I'm about to install 2 JL Audio 8w7's. Don't mean to thread jack but would either of you mind designing a nice ported enclosure for me? 

I have a hatchback with 42"w x 16 1/2"h x 13" bottom depth x 10" top depth. Any help is appreciated. Once again sorry to threadjack.


----------



## TypeR (Apr 28, 2011)

Oscar said:


> you can reduce port length significantly by using a slot port that uses 3-enclosure walls as the port walls. 40% reduction in port length. Then just "L" it around the back, and you can use an actual port area that won't make the woofer loathe you.


I"ll take a look at that. The height and depth of my design are pretty specific to my trunk, so I'll see what the program comes up with.




The Baron Groog said:


> ok, I get slightly different-have you got the driver volume included? What have you got the port material thickness set as? Also did you note a bit of port noise on 300wrms?


You are correct! I forgot the driver volume. Vb is 1.25 and total is now 1.429 cu ft - is that closer now? Port thickness is 1/8" wall, so 3.25" OD of pipe. Is port noise anything above 35 m/s where the graph cuts off?


----------



## The Baron Groog (Mar 15, 2010)

beerdrnkr said:


> I'm about to install 2 JL Audio 8w7's. Don't mean to thread jack but would either of you mind designing a nice ported enclosure for me?
> 
> I have a hatchback with 42"w x 16 1/2"h x 13" bottom depth x 10" top depth. Any help is appreciated. Once again sorry to threadjack.


Keep those dimensions, slot vent made out of 1/2" MDF, same for walls, vent 15"H x 1.5"W x 40.61" long.

F3 26.84Hz, no vent noise on up to 1000wrms (didn't check higher, but presumed 1000wrms would be enough)

Nice flat response, if you have the driver displacements I'll include that in the design-will change the tune slightly.


----------



## The Baron Groog (Mar 15, 2010)

TypeR said:


> You are correct! I forgot the driver volume. Vb is 1.25 and total is now 1.429 cu ft - is that closer now? Port thickness is 1/8" wall, so 3.25" OD of pipe. Is port noise anything above 35 m/s where the graph cuts off?


I'll check-what is the driver displacement?

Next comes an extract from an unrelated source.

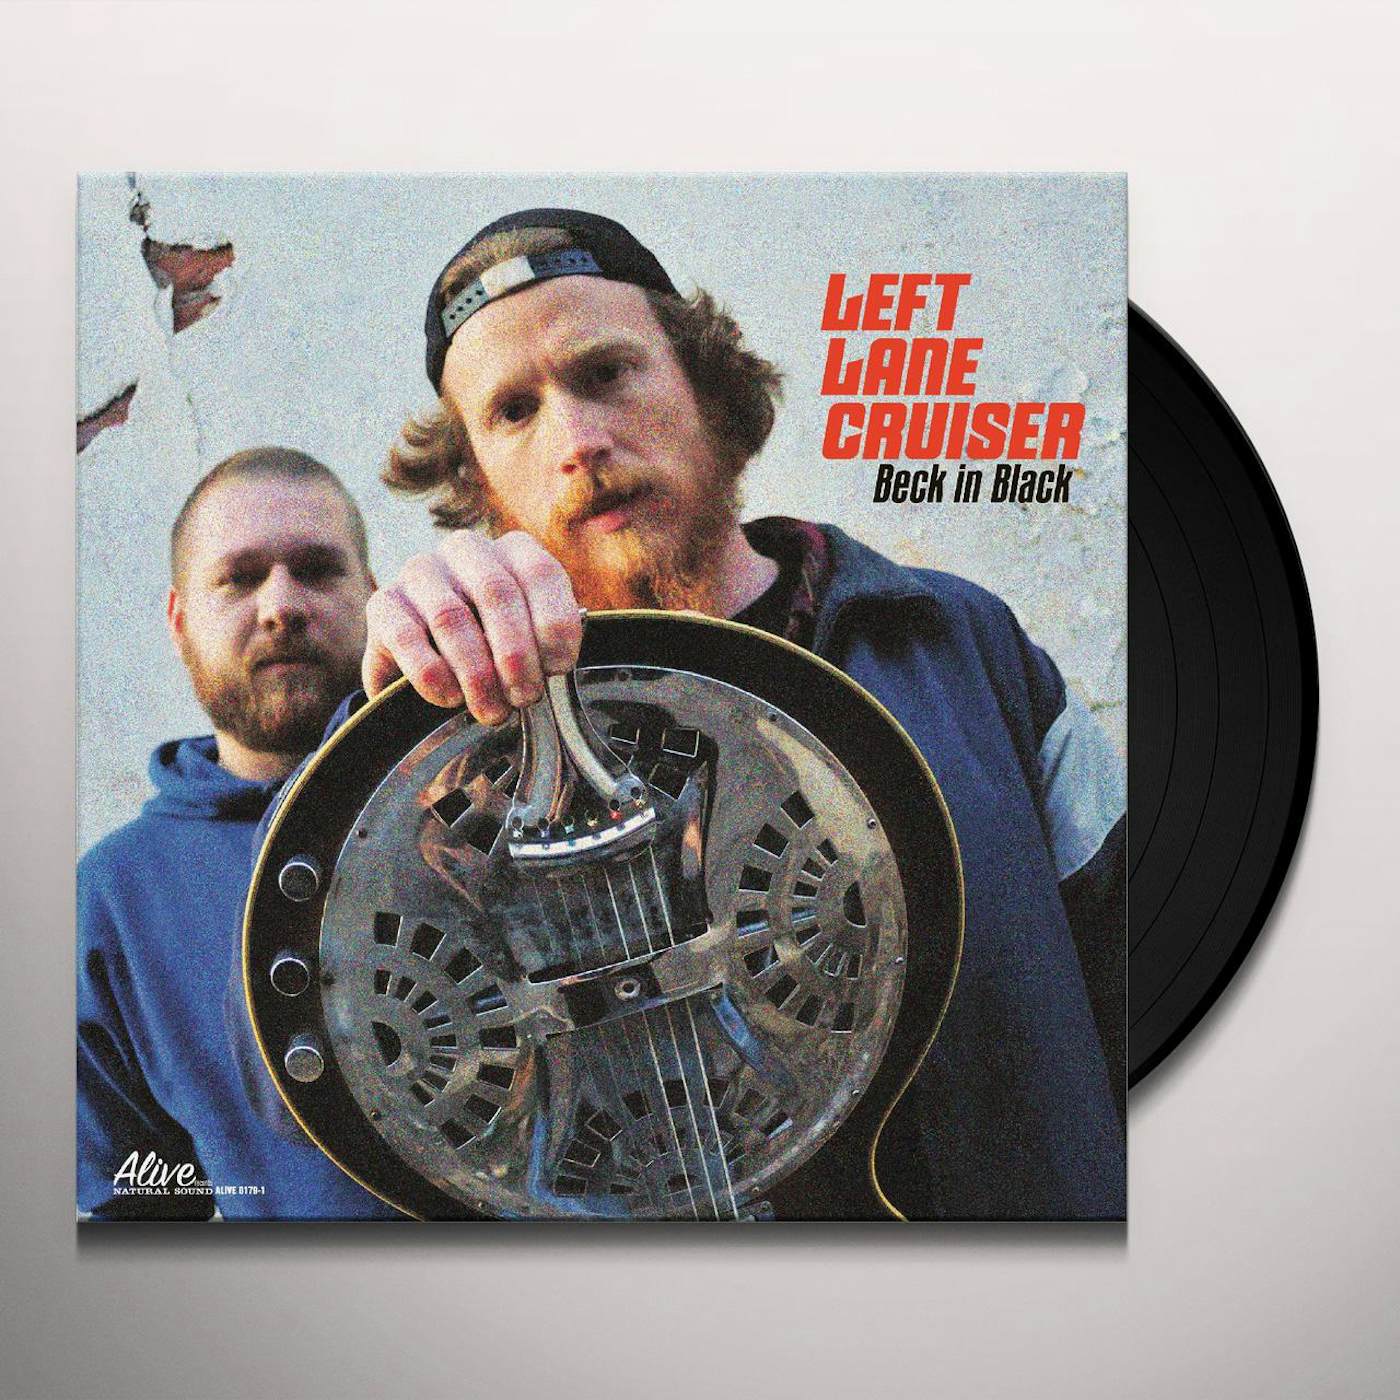 Left Lane Cruiser Beck In Black Vinyl Record

Yup, port noise is the shaded curve over 35m/s


----------



## TypeR (Apr 28, 2011)

Driver displacement for the 8W7 is 0.06 cu ft. 
I might be ok for port noise because I usually have the volume at 50% and that's plenty loud for me. I am wanting to switch from a sealed to ported box to get more lower frequency punch.
Having a pipe port is a bit of a pain, but I would really like to have the rear of the box angled, so a slot port won't really work...


----------



## The Baron Groog (Mar 15, 2010)

This will defo give you more low end

Slot will work with the slanted rear, bit harder to design and harder to get the same response as the material thickness eats into box volume.

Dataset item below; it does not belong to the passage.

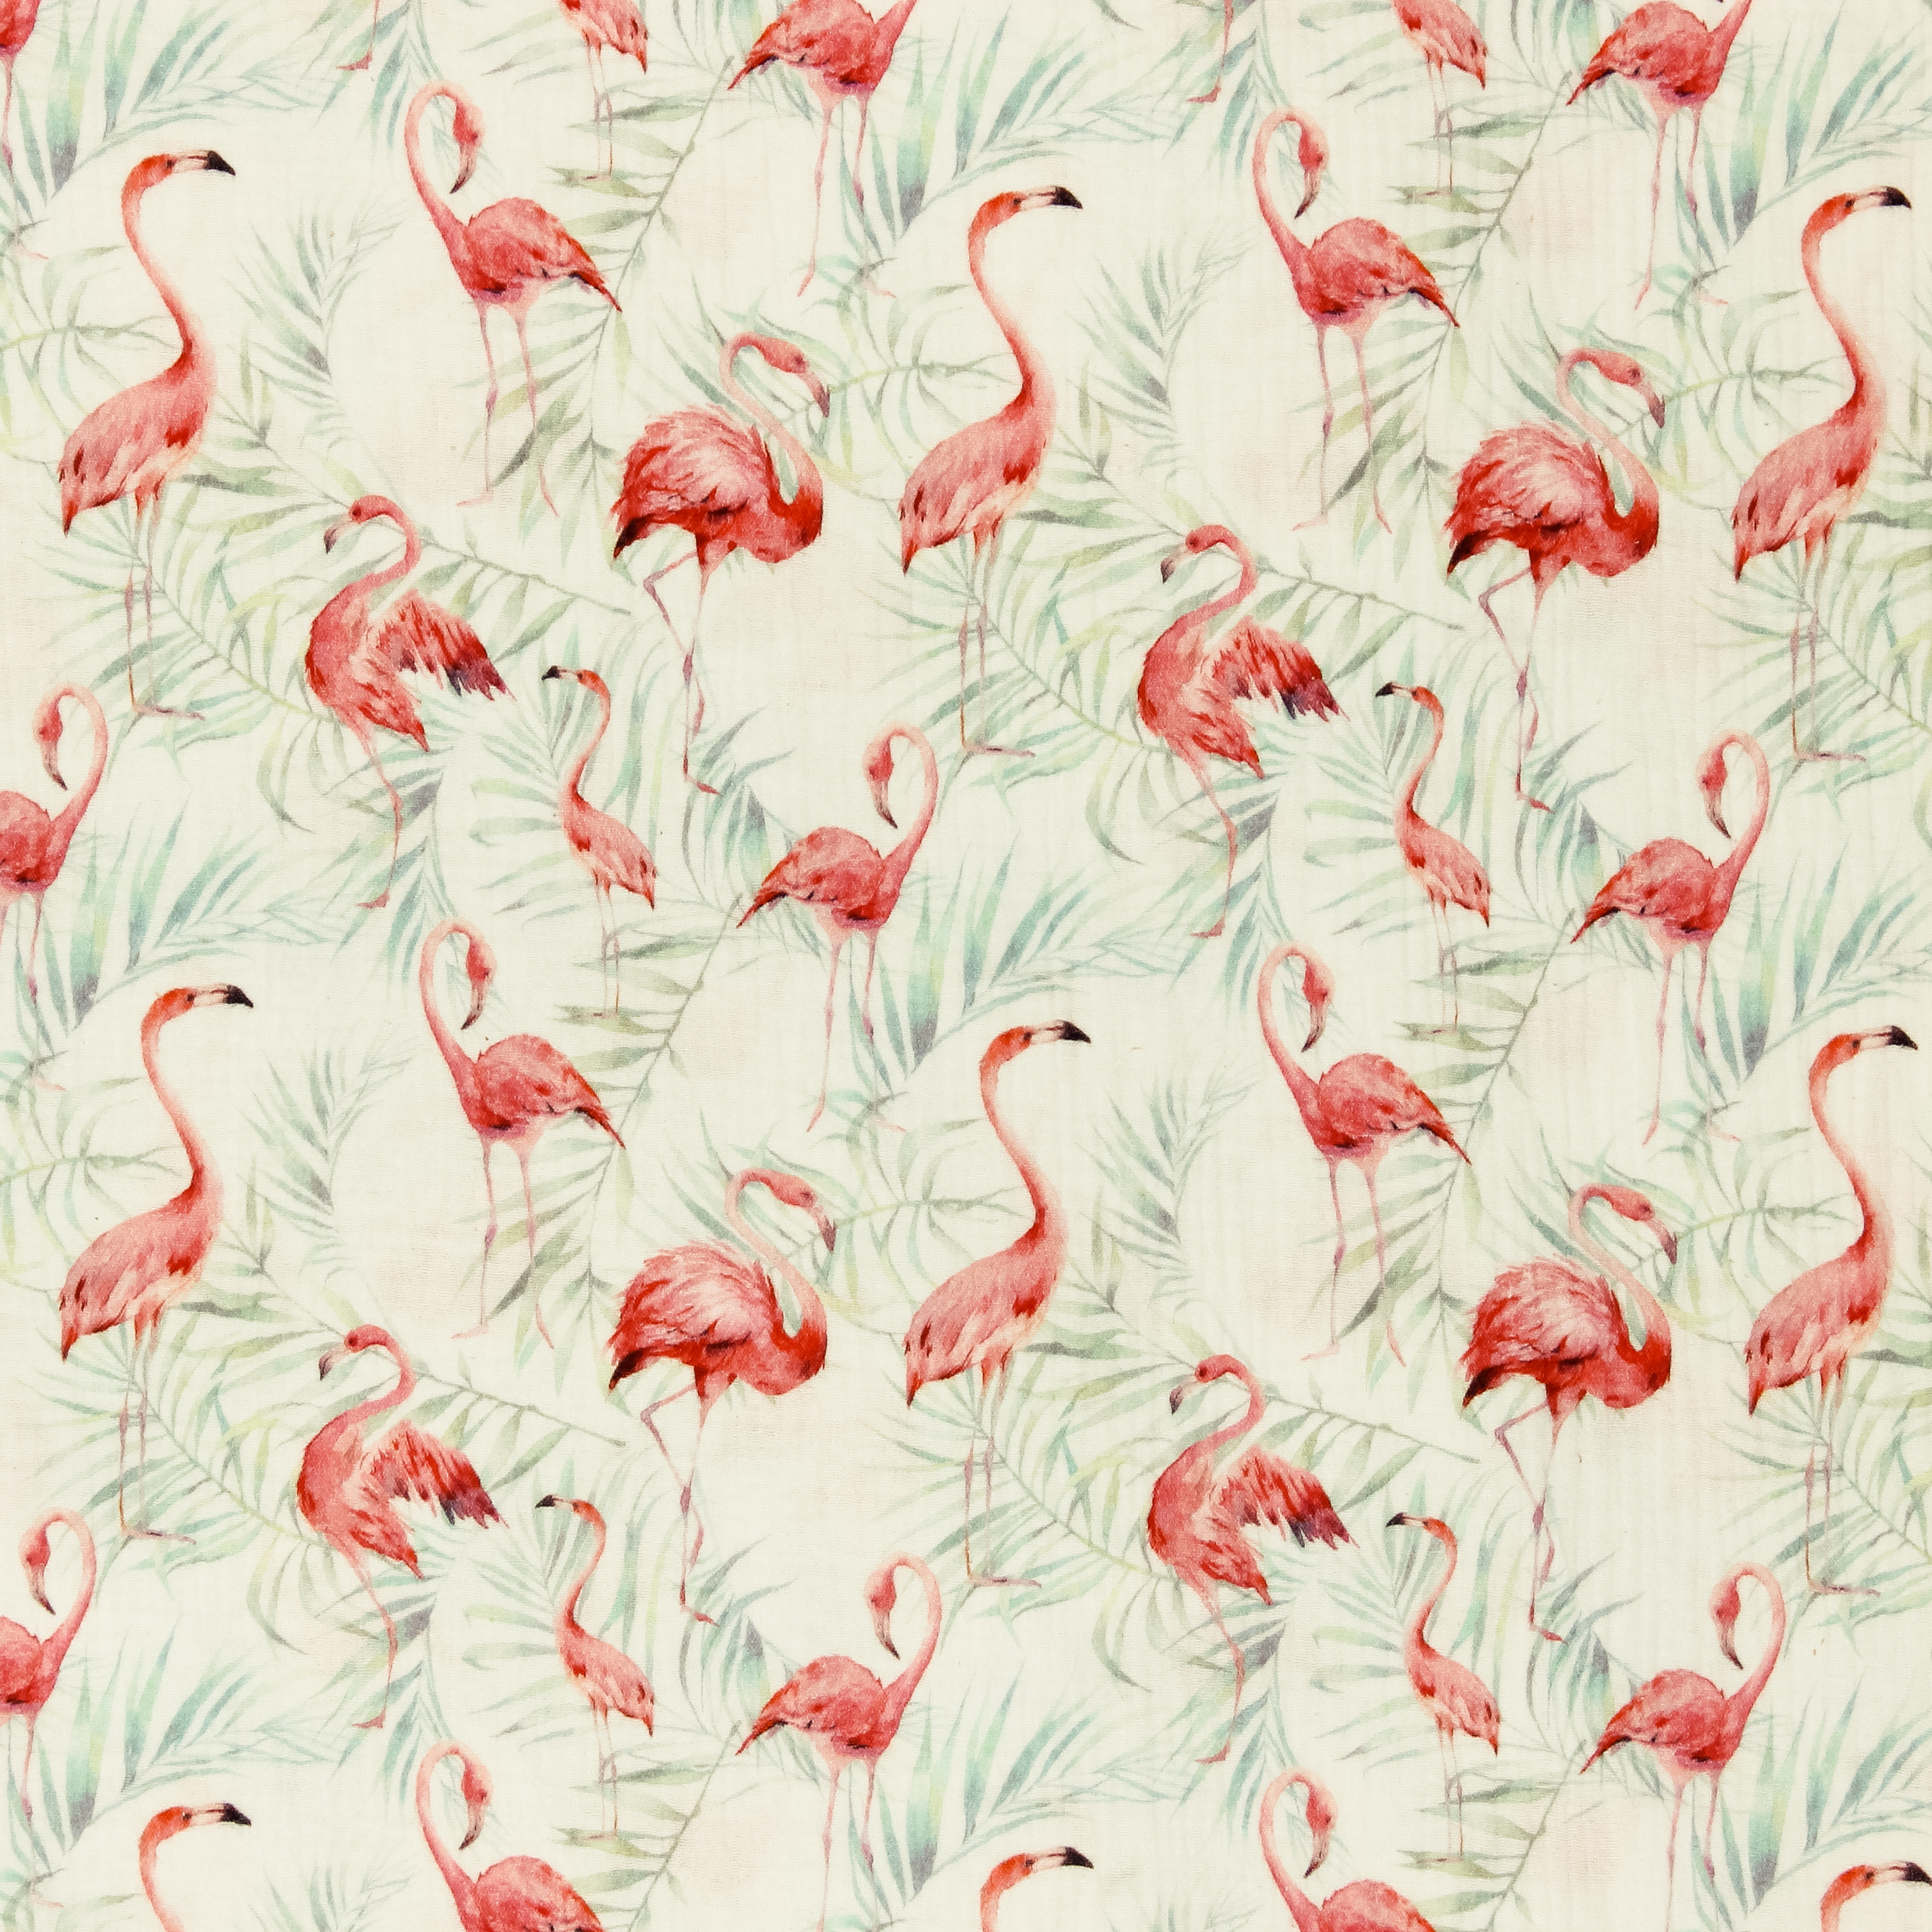 Tetra katoen wit met flamingo's

Re-modled with the driver displacement:
FB 25.28Hz
F3 23.4Hz

No port noise on 300w


----------



## TypeR (Apr 28, 2011)

Excellent, thanks for all your help. Definitely learned a lot!
I'm going to start building on the weekend and I'll post some pics.


----------



## beerdrnkr (Apr 18, 2007)

The Baron Groog said:


> Keep those dimensions, slot vent made out of 1/2" MDF, same for walls, vent 15"H x 1.5"W x 40.61" long.
> 
> F3 26.84Hz, no vent noise on up to 1000wrms (didn't check higher, but presumed 1000wrms would be enough)
> 
> Nice flat response, if you have the driver displacements I'll include that in the design-will change the tune slightly.

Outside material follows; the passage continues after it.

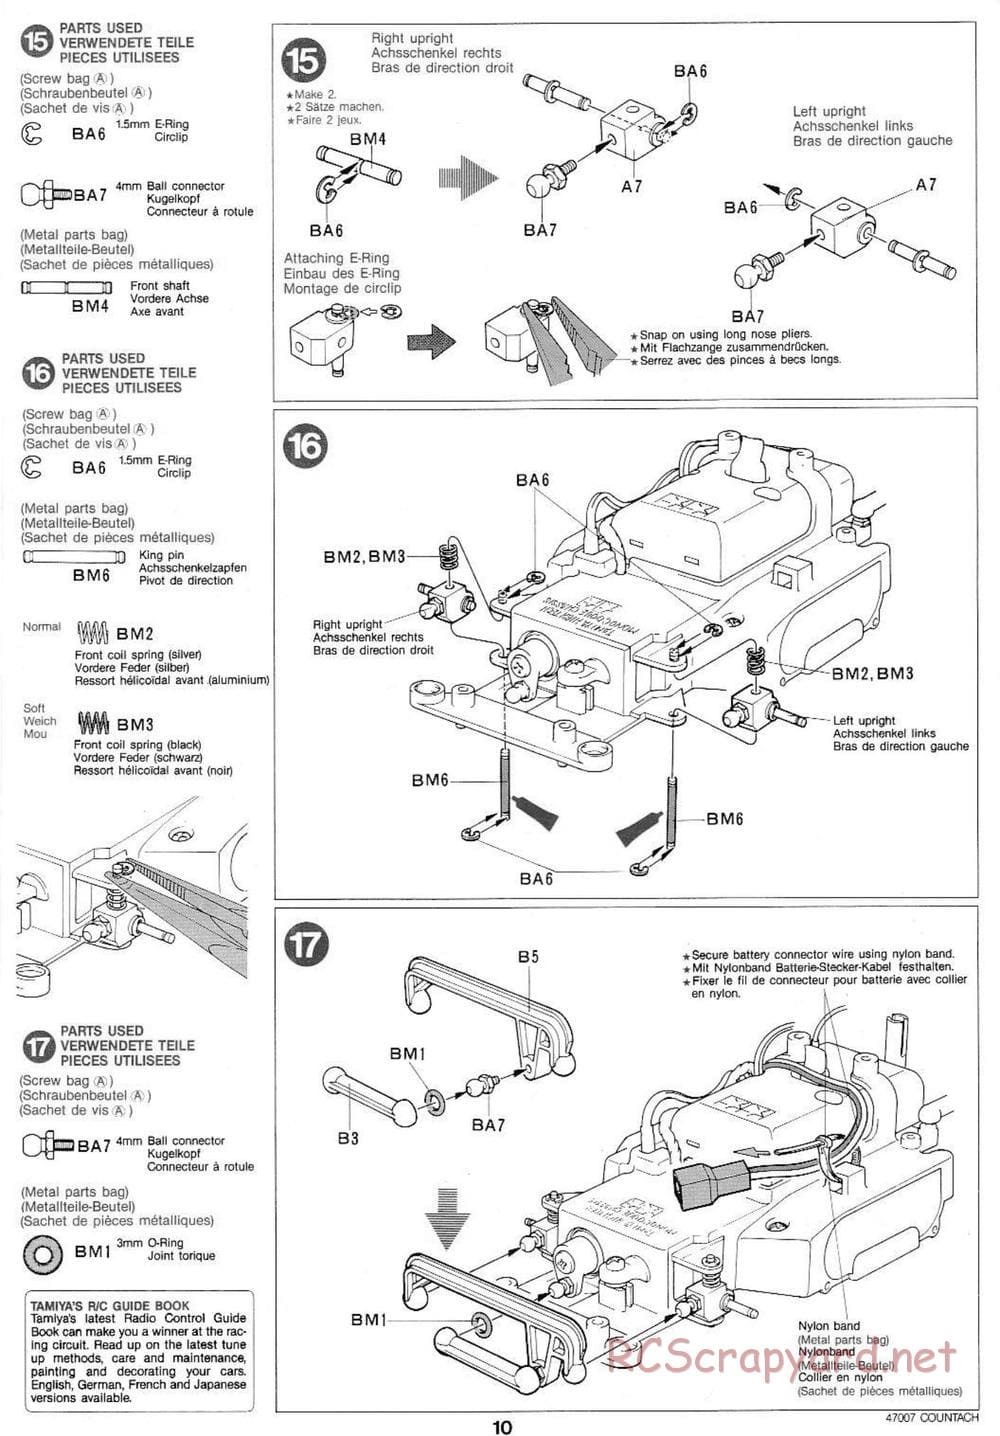 Tamiya - Tamtech - Lamborghini Countach 5000 Chassis - Manual - Page 10

I think u saw on the other post, driver displacement is .006 and they will be receiving about 700wrms each. Is there anyway u can pm me a design? I'm having a shop build my box and don't trust them to go through that type of effort, they'll probably just go with jl specs. I can send u some funds through paypal for your help. Thanks


----------



## The Baron Groog (Mar 15, 2010)

Ok, re-modeled with the driver displacement, keep the dimensions you posted, change the port length to 36.98"

Fb 24.25Hz
F3 22.37Hz

Subsonic @ 20-25Hz (shows over excursion at 21Hz)

No fee


----------



## beerdrnkr (Apr 18, 2007)

The Baron Groog said:


> Ok, re-modeled with the driver displacement, keep the dimensions you posted, change the port length to 36.98"
> 
> Fb 24.25Hz
> F3 22.37Hz
> ...


AWESOME! Thanks I appreciate it.


----------



## The Baron Groog (Mar 15, 2010)

No worries, I'll grab a beer next time I'm in San Diego


----------



## X on 22s (Oct 26, 2007)

I just did a box for a 8w7.


----------



## TypeR (Apr 28, 2011)

So I began construction - got all the pieces of the box cut and bought my ghetto plumbers 3" port. I decided to calculate the internal volume of the port on Bassbox pro to double check. It came out to 2.6 L. I had a feeling the elbow that I modeled in Solidworks was a bit different that what I actually bought, so I decided to fill the pipe I bought with 2.6L of water and see where it came up to. The length I modeled it at was way off, so the port is actually much shorter because the elbow has more internal volume than I thought. So this is what it's going to look like:


----------



## TypeR (Apr 28, 2011)

DONE. Sounds exactly as I was hoping...gets nice and low with some kick. Turned it up a bit and it was much louder than my last sealed box and didn't have any port chuff. Fits nice and tight against the seats so now I can get my hockey bag in.


----------



## The Baron Groog (Mar 15, 2010)

Great work-wish my enclosure building skills wereon that level, need to get some more practice in


----------